"No experiment can be more interesting than that we are now trying, and which we trust will end in establishing the fact, that man may be governed by reason and truth. Our first object should therefore be, to leave open to him all the avenues to truth. The most effectual hitherto found, is the freedom of the press. It is, therefore, the first shut up by those who fear the investigation of their actions." --Thomas Jefferson to John Tyler, 1804.

The Macpherson appointment

Greg Macpherson

Greg Macpherson

The appointment of state Representative (and former attorney general candidate) Greg Macpherson to the Oregon Land Conservation and Development Commission has drawn enough fire to be slowed down, if not necessarily nixed. But it could say something about what that commission should be like in the months to come.

The opposition is not qualitative in terms of qualification for the job – Macpherson, who has a legislator and elsewhere has been immersed specifically in land policy for years – is well past that threshold, likely playing into the appointment by Governor Ted Kulongoski.

Oregonians in Action, which has spearheaded the opposition, takes issue instead with Macpherson’s specific stands (this from a press release appearing on Oregon Catalyst):

As many of you know, Mr. Macpherson is the state legislator from Lake Oswego who led the charge to draft Measure 49, run it through the legislature on a straight party line vote, and craft an exceedingly deceptive ballot title for the Measure without any public input.

As a reward, Governor Kulongoski has nominated Macpherson for a vacant spot on LCDC. If Macpherson becomes an LCDC commissioner, he will have no sympathy for Measure 49 claimants, rural Oregon property owners, or anyone who wants to make reasonable changes to our broken statewide land use planning system.

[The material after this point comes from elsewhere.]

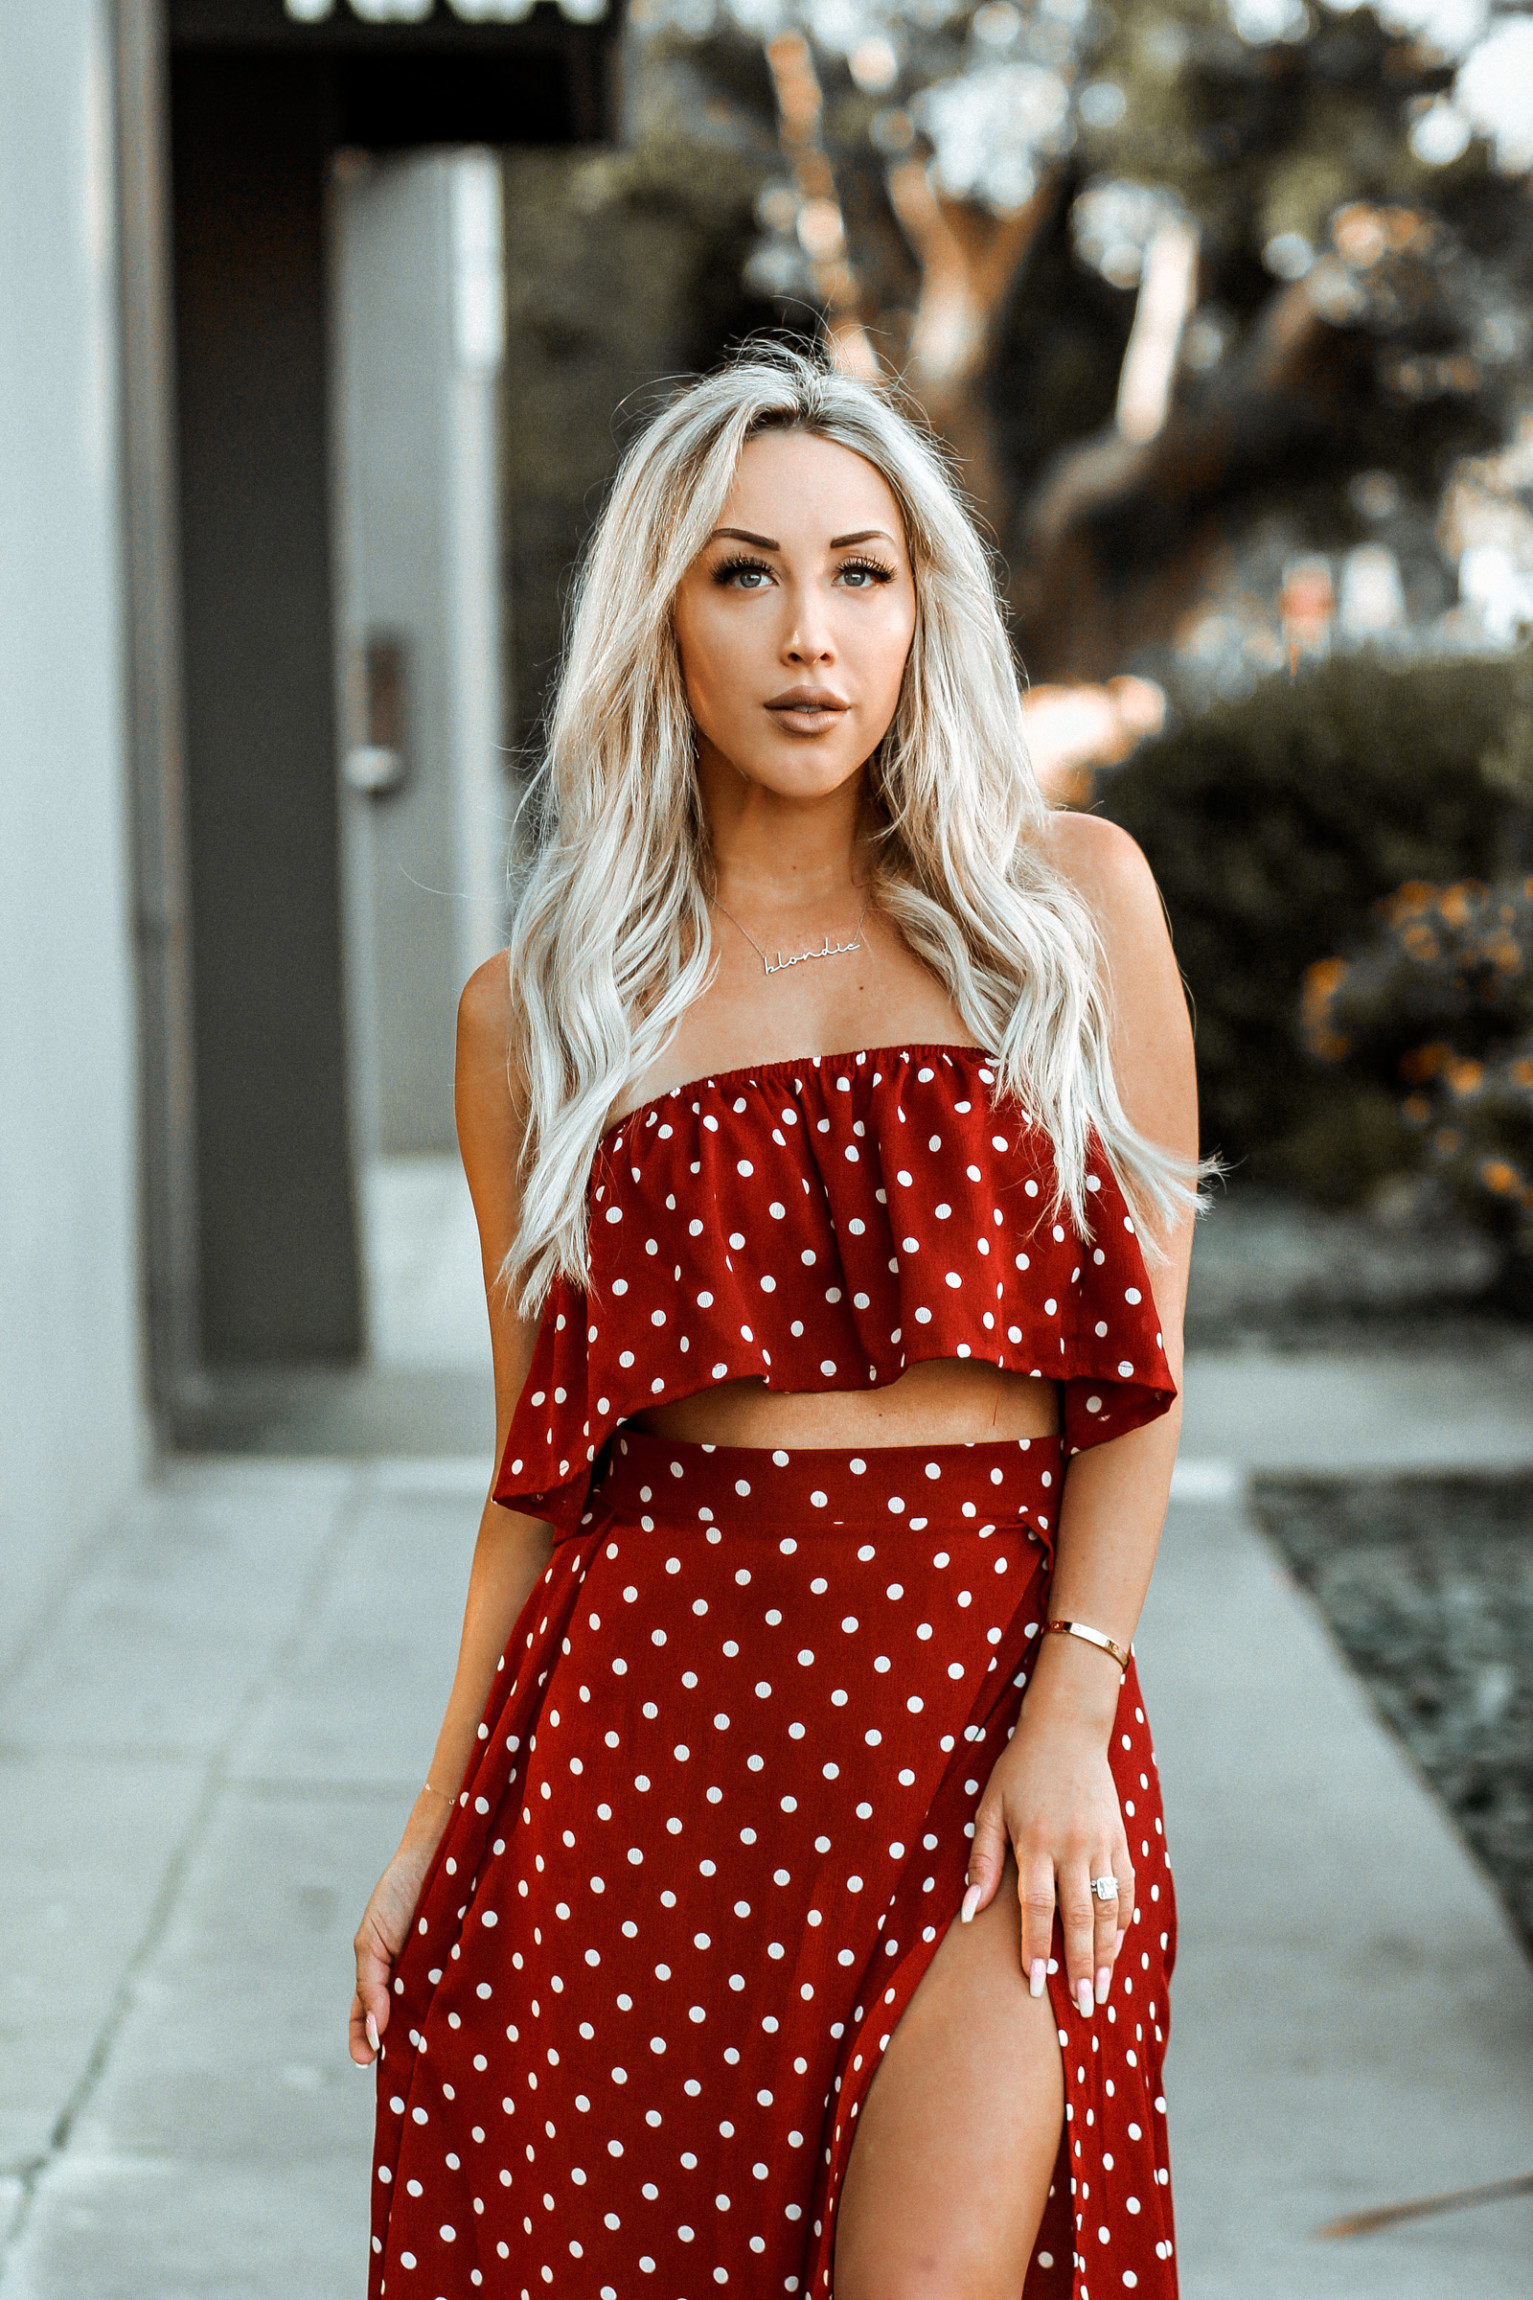 Red Polka Dot Two-Piece | Summer Style | Blondie in the City by Hayley Larue

During his legislative career, Macpherson has opposed the most reasonable changes to Oregon’s land use laws. The last thing that LCDC needs is another hyper-partisan Portland area legislator who cares nothing about fixing a broken set of laws that are nearly four decades old.

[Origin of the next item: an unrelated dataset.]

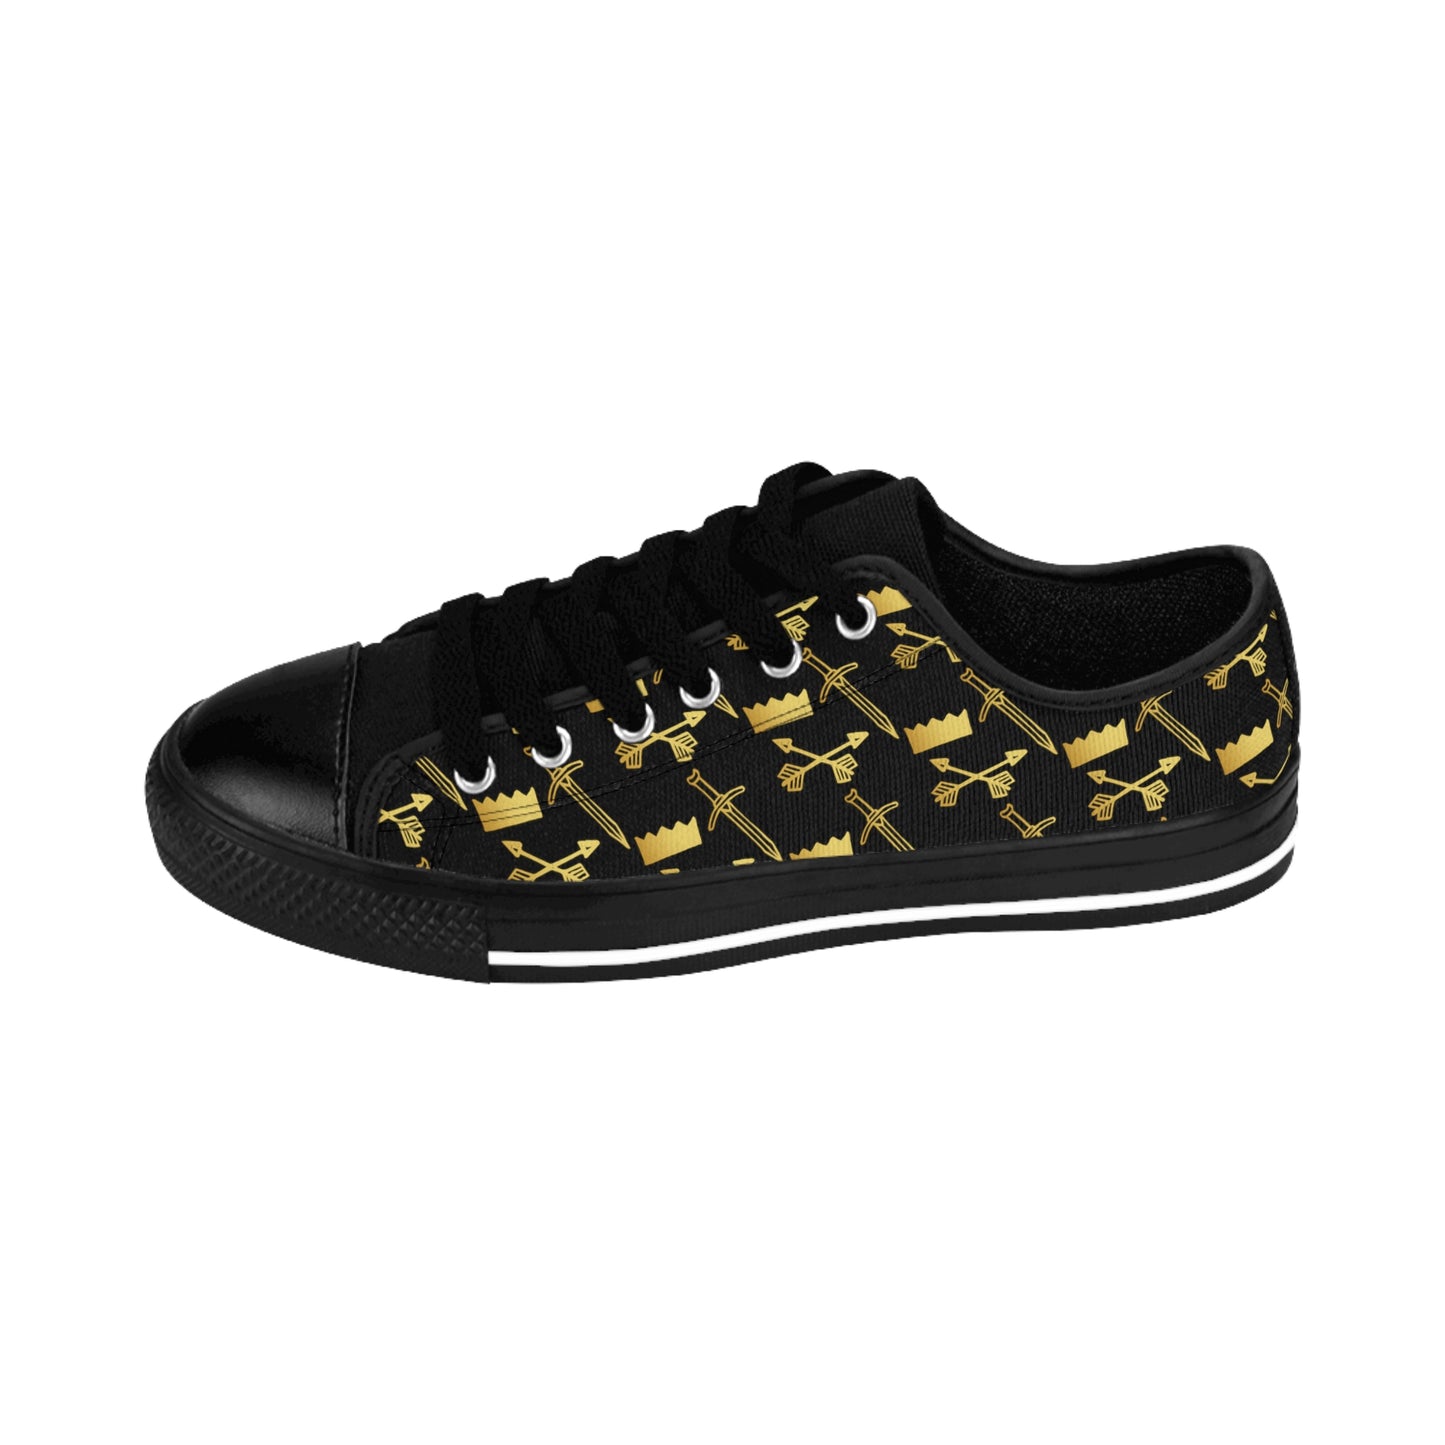 Men's - Gold and Bold Warrior - Sneakers

Macpherson’s central role on Measure 49 is a matter of record; the rest is interpretative, and if you’re a fan of Measure 37 (the more ragged measure that 49 replaced), as OIA is, then you’re not going to be a Macpherson fan.

OIA said yesterday that a proposed Senate vote to confirm Macpherson has been put off, owing to calls generated by the group, but also noted that a vote still could come later this year (or presumably in January). There may be an opportunity in this for more discussion about Oregon land law, which the state could well use. Macpherson might even welcome it; he was, after all, on the big majority side in the vote on Measure 49.

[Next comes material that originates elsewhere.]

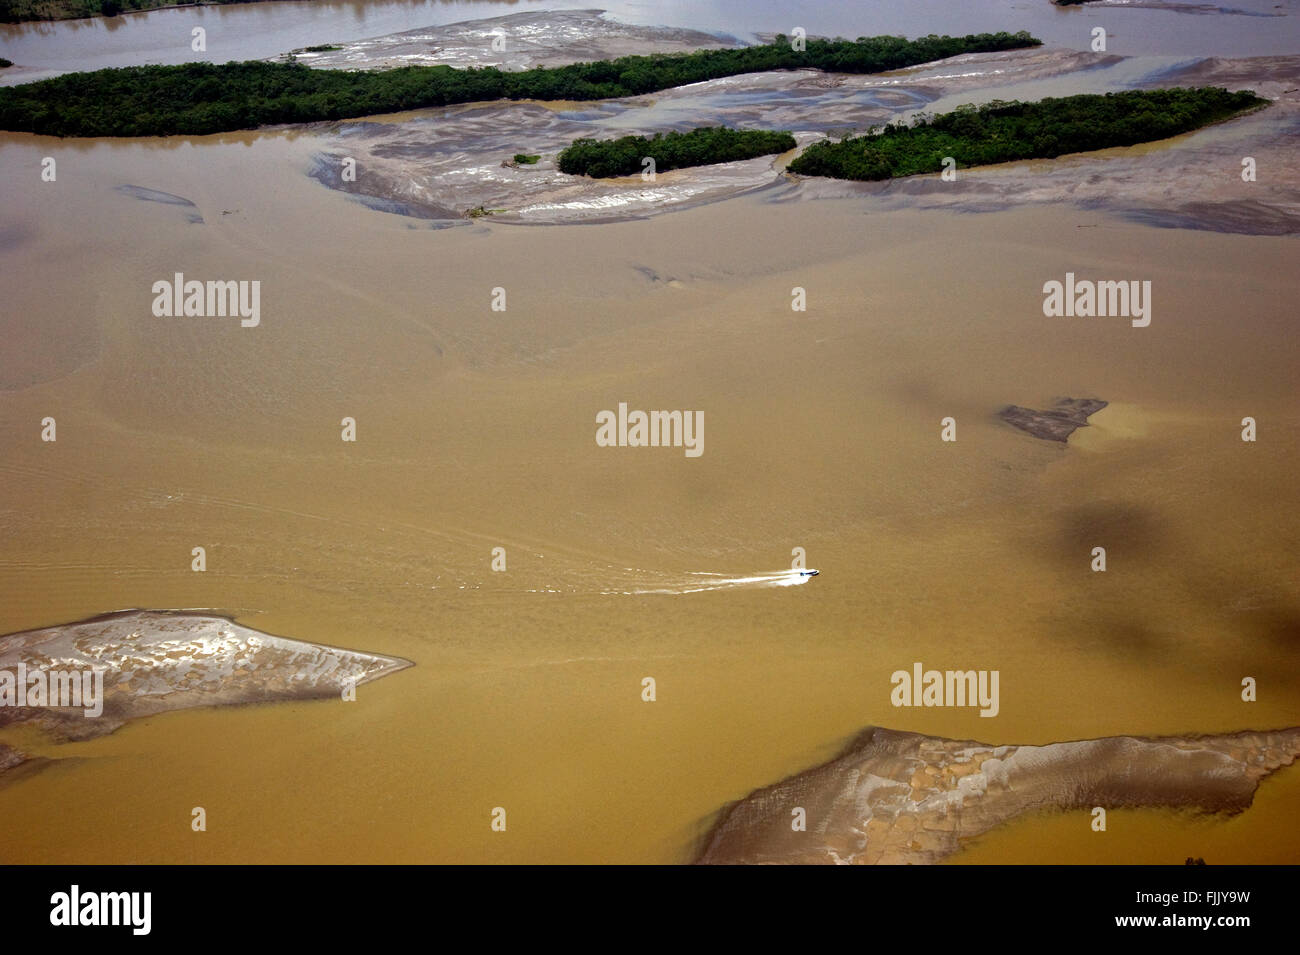 Aerial view of boat on the Amazon river in Ecuador Stock Photo

UPDATE Turns out that Oregonians in Action had less to do with the timing of the Macpherson appointment than they claimed. We got some some background on it from a correspondent yesterday, and now this has shown up on the Oregonian‘s opinion blog, from Doug Bates:

“When the Senate Rules Committee met last week for a confirmation hearing on Macpherson’s appointment by Gov. Ted Kulongoski, the panel’s vice chairman, Sen. Ted Ferrioli, R-John Day, raised a legal technicality. He asked whether a sitting member of the Legislature could be lawfully confirmed for such an appointment. Legal counsel didn’t have a ready reply, although Kulongoski has made several such appointments in the past without challenge. Macpherson told the committee he’d prefer holding up his confirmation hearing until the legal question can be addressed. There’s still plenty of time for that to happen between now and January, when Macpherson’s term in the Senate is over.”